On 8 July 2012 21:14, la .lindar.
*Regardless* of the arguments, I'm staunchly against it precisely for the fact that people will *use* it. Regardless of whether or not *I* have to use it, *other* people will, which means that *I* have to learn to read it. Therefore, it *does* affect me, even if I *do* choose to use the original sumti connectives. Therefore, I will always veto this idea every time forever.
That being said, I will gladly bring it to Robin's attention, who I presume will laugh and say, "Fuck no.", but very well may not.
I'm not proposing a change in the language, not yet, anyway. I'm using this as a case study to find out the *purely technical* problems this kind and magnitude of change would cause, especially at the level of my present parser framework.
Using a parser as the basis for various linguistic tools can simplify many tasks, e.g,, syntax sensitive re-coding. It turned out to be a trivial task to add an official-to-mad coder process to my parser, and adding a mad-to-official coder is just mechanical work now that the basis for re-coding is there. After a two-way re-coding mechanism is available, the parser can be used to ascertain that a supposedly one-to-one change doesn't break anything. The re-coding process doesn't appreciably affect the parsing time, even for Alice the increase is of the order of one second.

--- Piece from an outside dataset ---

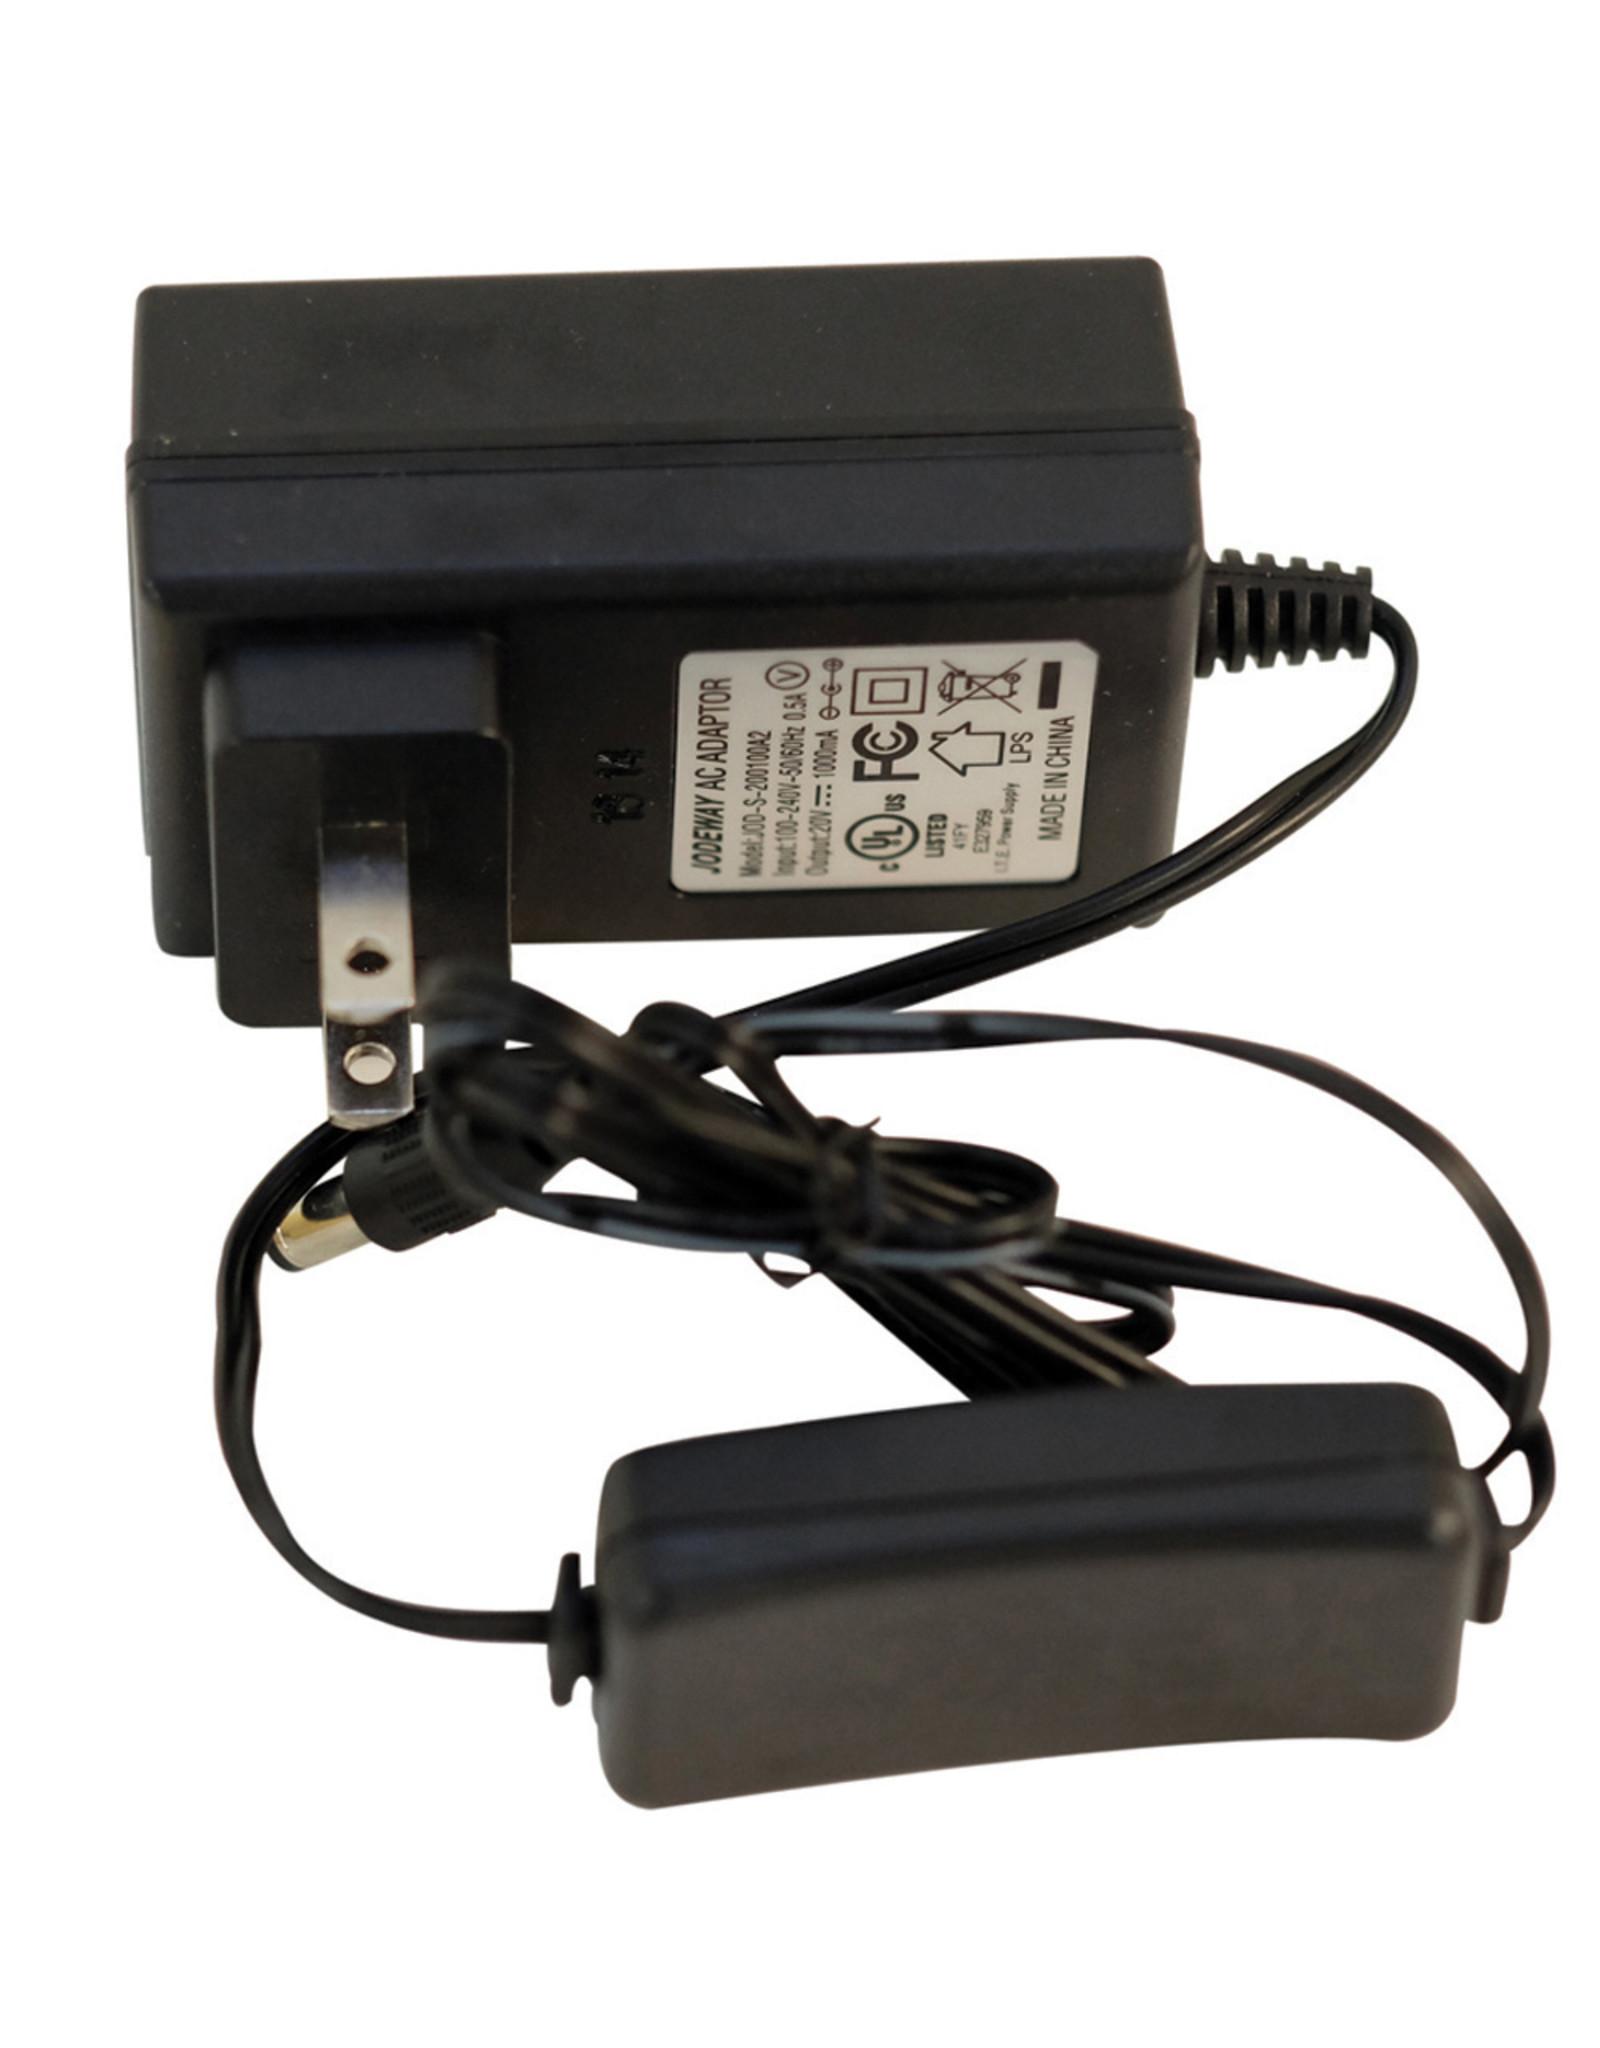 Fluval FLUVAL LED Kit Replacement Transformer
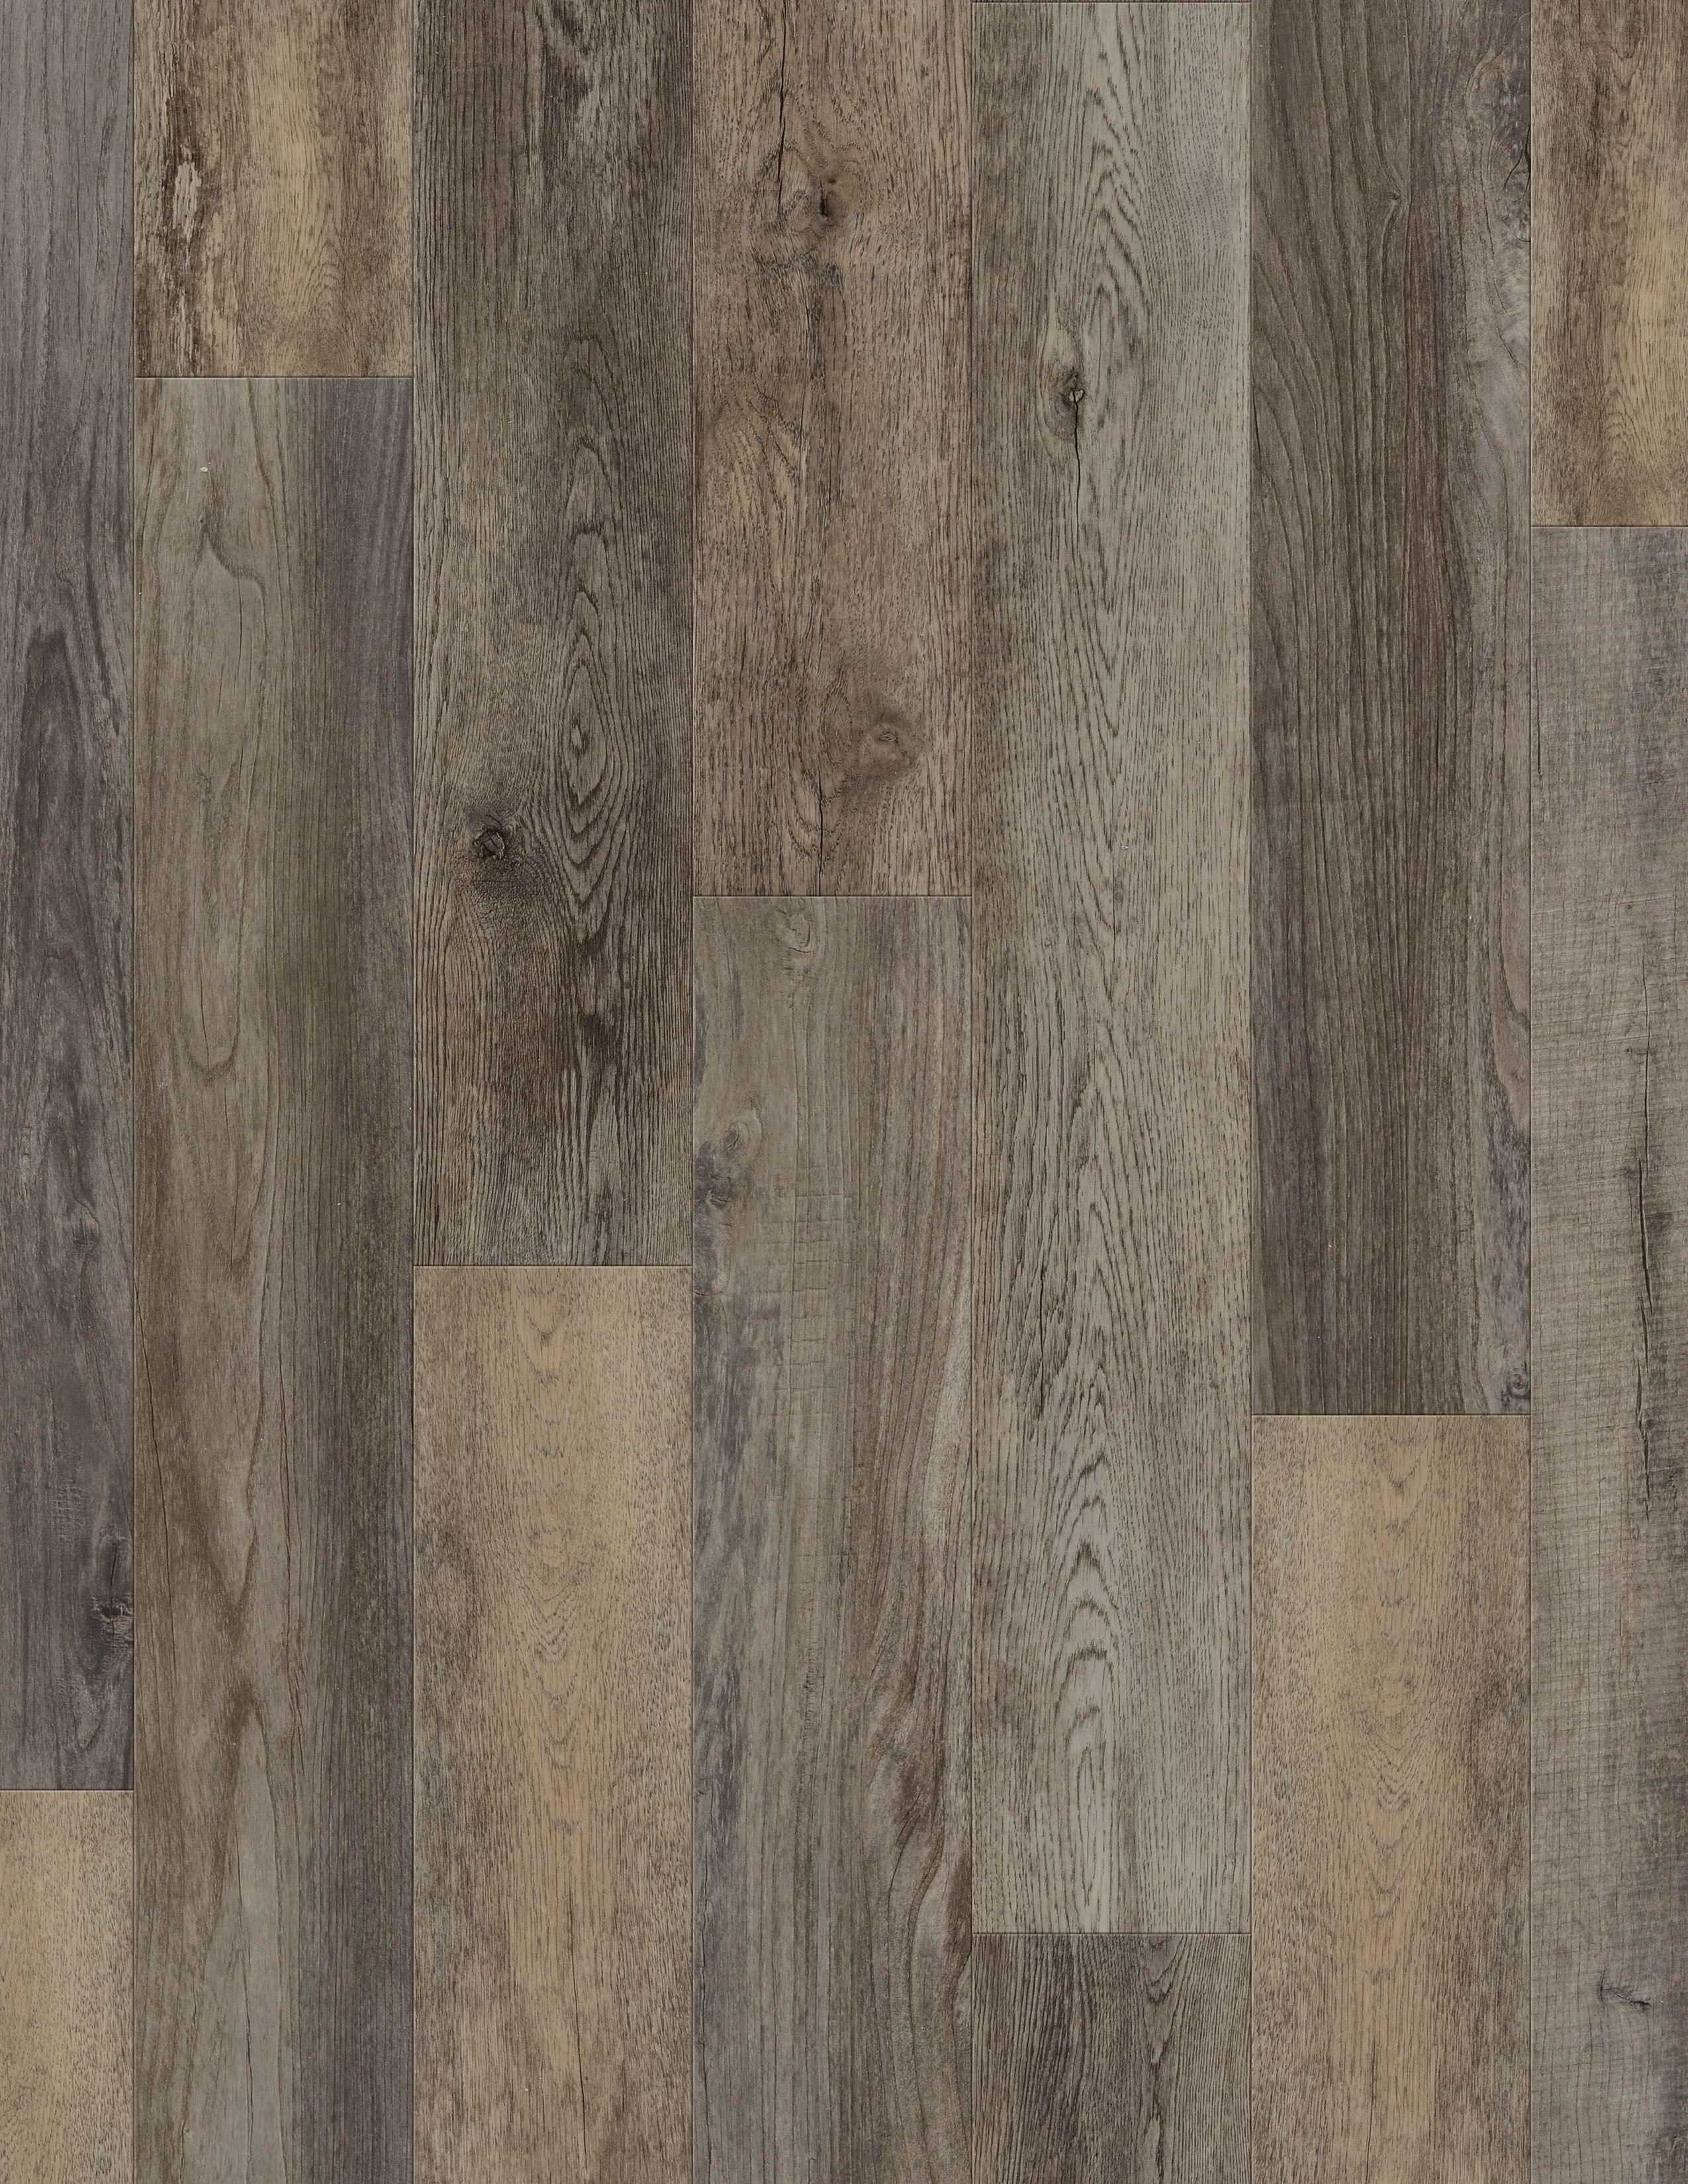 Lvp Herringbone Floors Basement Reveal Office Inspo Kitchen

If we ever get so far that we are seriously considering moving on from the baseline, we need tools like this to study the effect of the proposed changes. I also think that before that stage it would be quite useful and wise to do various kinds of hypothetical case studies, which would help to chart the territory. It is well nigh impossible to say anything definite on the basis of a few hand-crafted examples. A proposed change may look good in theory but turn out to be a flop in practice, and vice versa. Pushing sections of the existing corpus through an automatic coder and looking at the result will tell a lot more about various aspects (intelligibility, learnability, aesthetics &c.) and perhaps help to overcome prejudices concerning a proposed change, both pro and con, that is.